Can we make an assumption that one CAS entry is only referenced by one ac entry, so that when we delete ac entry, we just delete all the CAS entries referenced by that ac entry?
Can we make an assumption that one CAS entry is only referenced by one ac entry, so that when we delete ac entry, we just delete all the CAS entries referenced by that ac entry?
No that's generally not true. A blob is often referenced by thousands of action cache entries. I am currently implementing this feature and adding a reference count to each CAS entry. So we'll only evict a CAS entry when its no longer referenced.
Then when PUT AC/CAS to server, Is the following sequence always guaranteed to ensure the server correctness:
- All the CAS entries referred by a AC are PUT to server first
- Then the AC entry is PUT to server
Also, is it possible to let Bazel back off when it GET an AC entry returns 200 but the corresponding CAS is not found in the server? I found when this happens, bazel build may fail.
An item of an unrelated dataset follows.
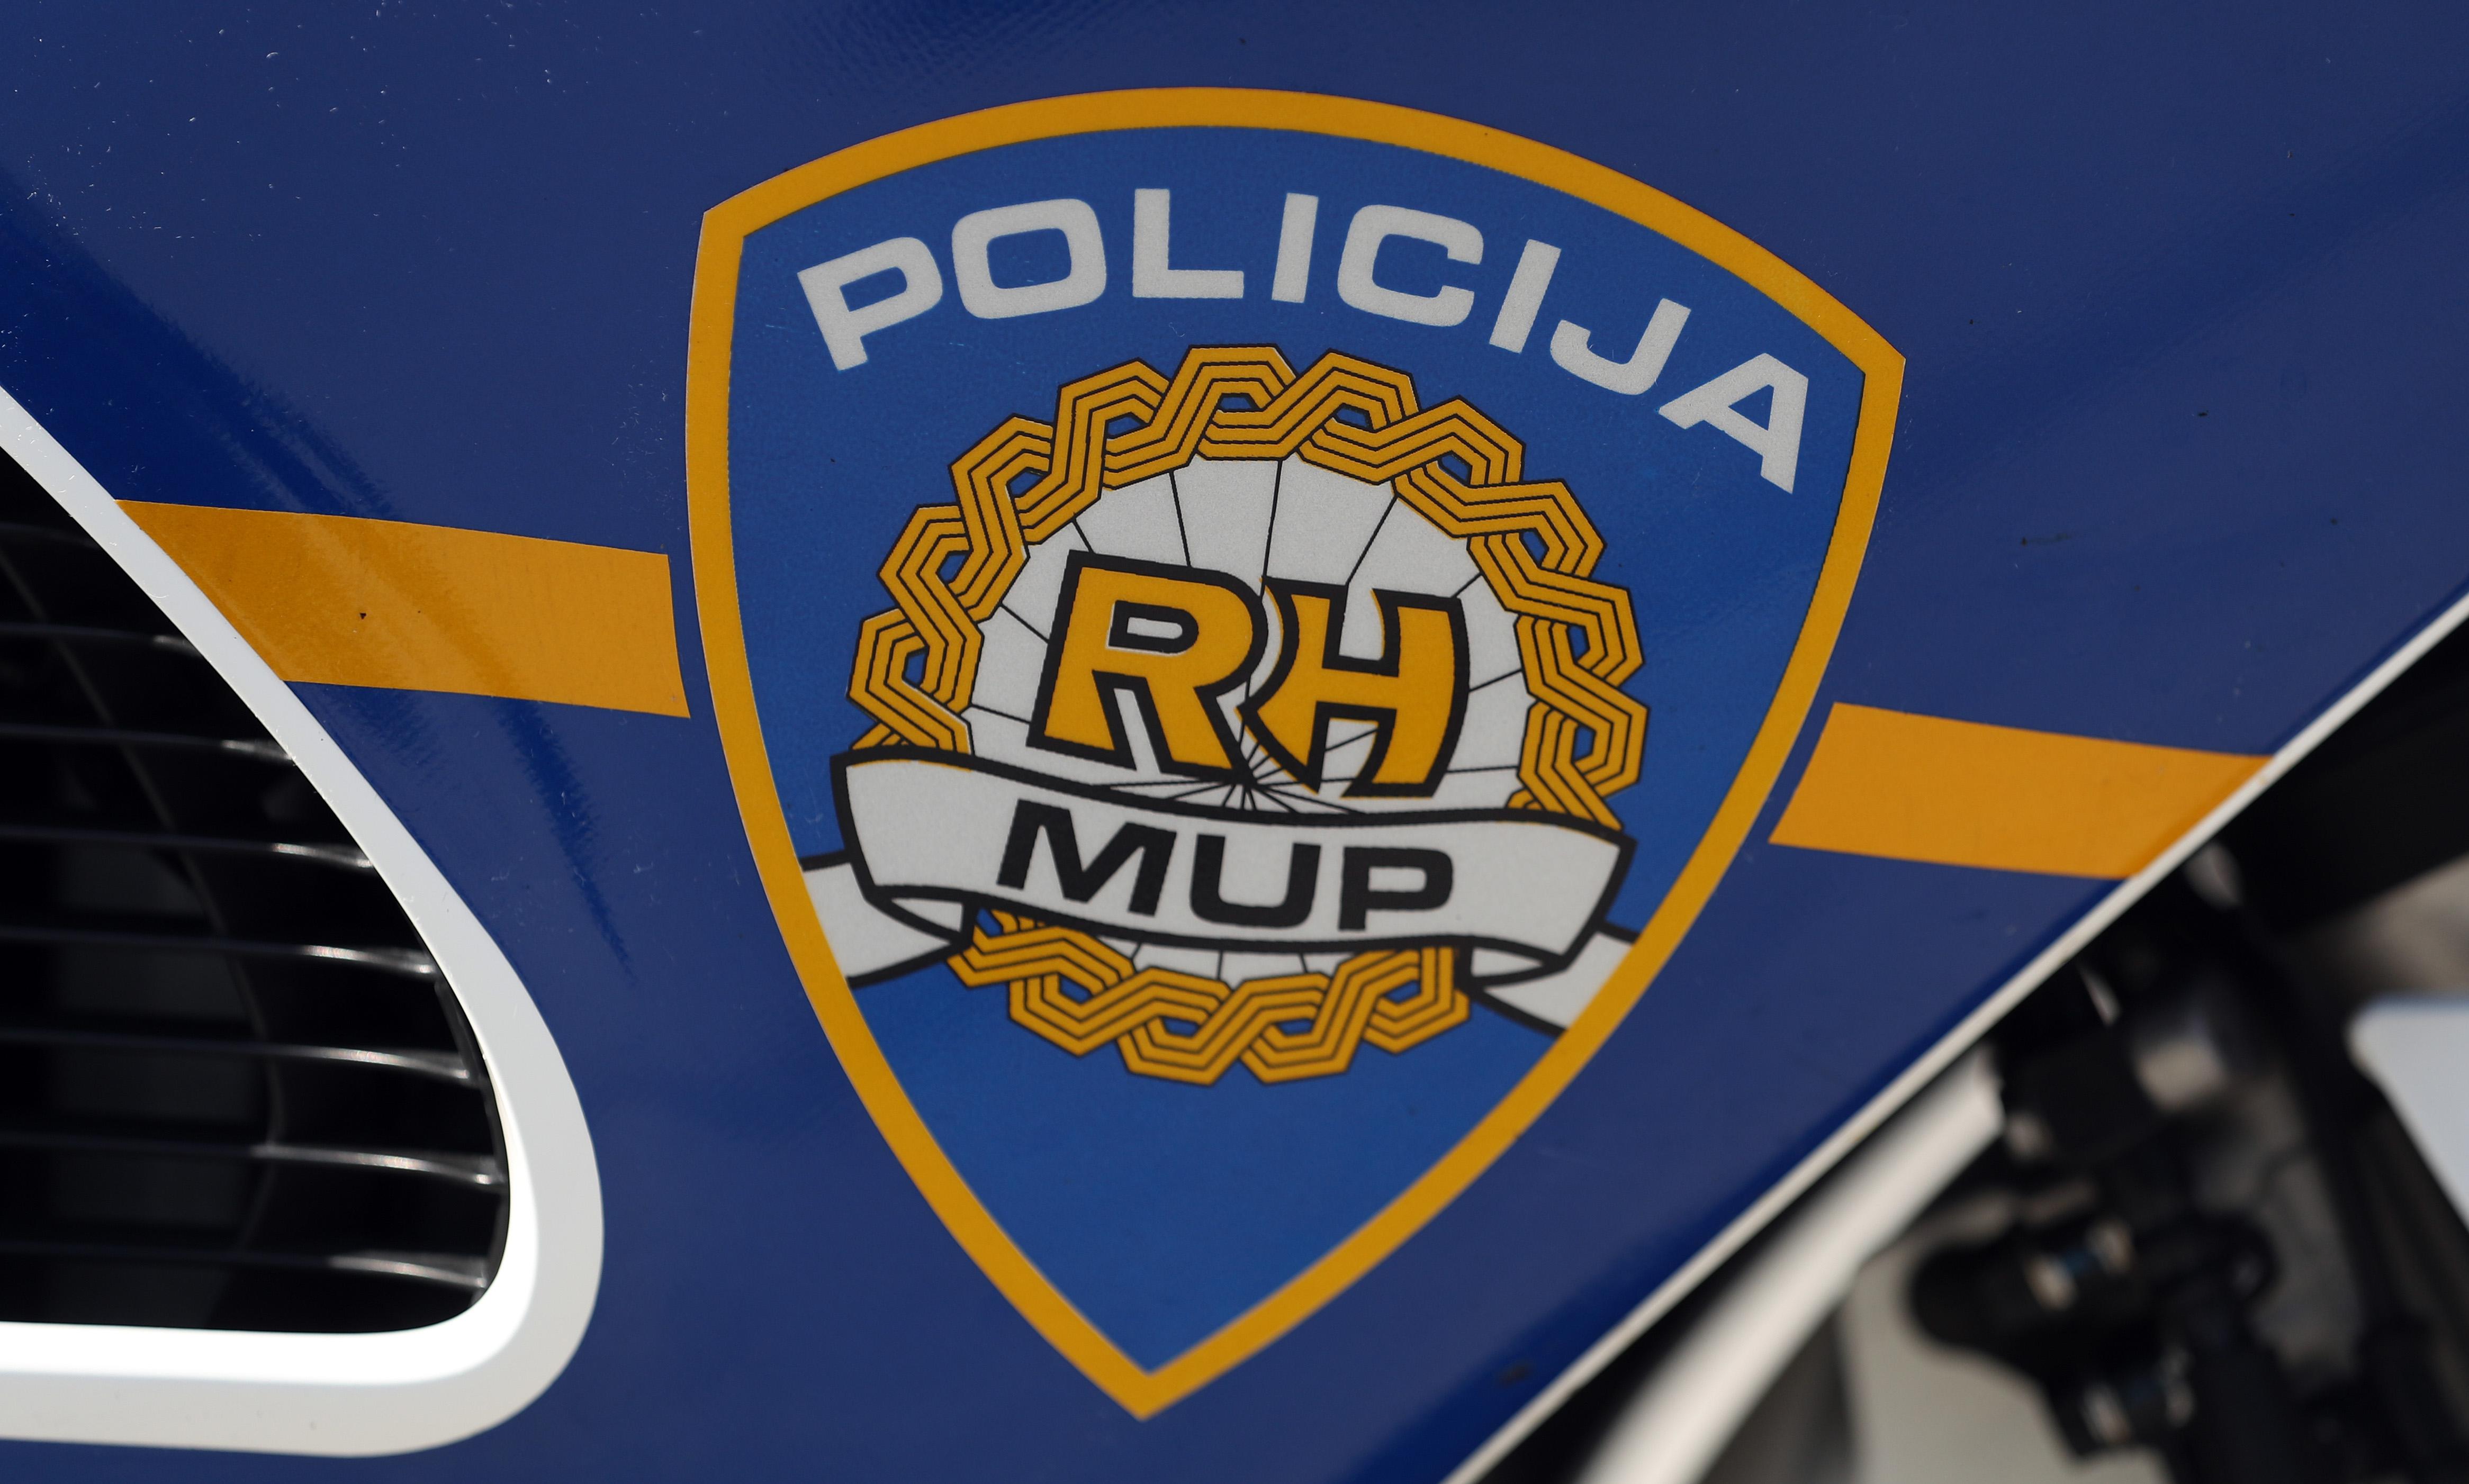 VIŠEMJESEČNA ISTRAGA Uhićen trojac zbog bacanja bombi na zadarsku policiju

The Bazel build requirement that CAS entry referred by AC entry always exist in the server causes two drawbacks:
- We have to keep track the reference count of CAS object for garbage collection
- For horizontal scale and load balancing, consistency among servers can be hard to maintain The ideal Bazel behavious is following: Every CAS entry can be tracked back to the corresponding AC that generate it. In case a CAS entry referred by an AC is missing, back track the AC entry and re-run the AC to regenerate the missed CAS entry. This immediately fix the two drawbacks mentioned above.
Also, is it possible to let Bazel back off when it GET an AC entry returns 200 but the corresponding CAS is not found in the server?
This is implemented in my gRPC WiP in #97, and I filed #106 for a backwards-compatible solution for http.
@bayareabear ^